Home Creative ‘Context’ Returns As Fotopedia And Jetsetter Target The Retina

‘Context’ Returns As Fotopedia And Jetsetter Target The Retina

SHARE:

fotopediaYour retina is starting to make demands.

As the display of your favorite device amps up its pixels per inch – such as Apple’s retina display for its iOS product line – so too are the visual requirements for content providers. And that means higher expectations and resolution for ads. This focus on content and context may seem counter to the digital audience buying and selling business. Yet, Fotopedia founder Jean-Marie Hullot knows that certain audiences like his company’s stuff.

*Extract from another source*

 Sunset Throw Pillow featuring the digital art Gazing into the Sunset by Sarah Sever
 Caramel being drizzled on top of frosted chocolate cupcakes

Hullot’s original idea for Fotopedia was a Wikipedia for photos, but he knew there must be a revenue model beyond an annual campaign drive by a founder. Paris-based Hullot tells AdExchanger, “We were already building Fotopedia in 2010 and then came the iPad. We had millions of great pictures, but we didn’t have the right package so that people could enjoy it. With the iPad, I said ‘OK, we have our consumer story.'” -and the iOS version of Fotopedia was born, which today includes 12 million users and 200 million page views a month according to the company.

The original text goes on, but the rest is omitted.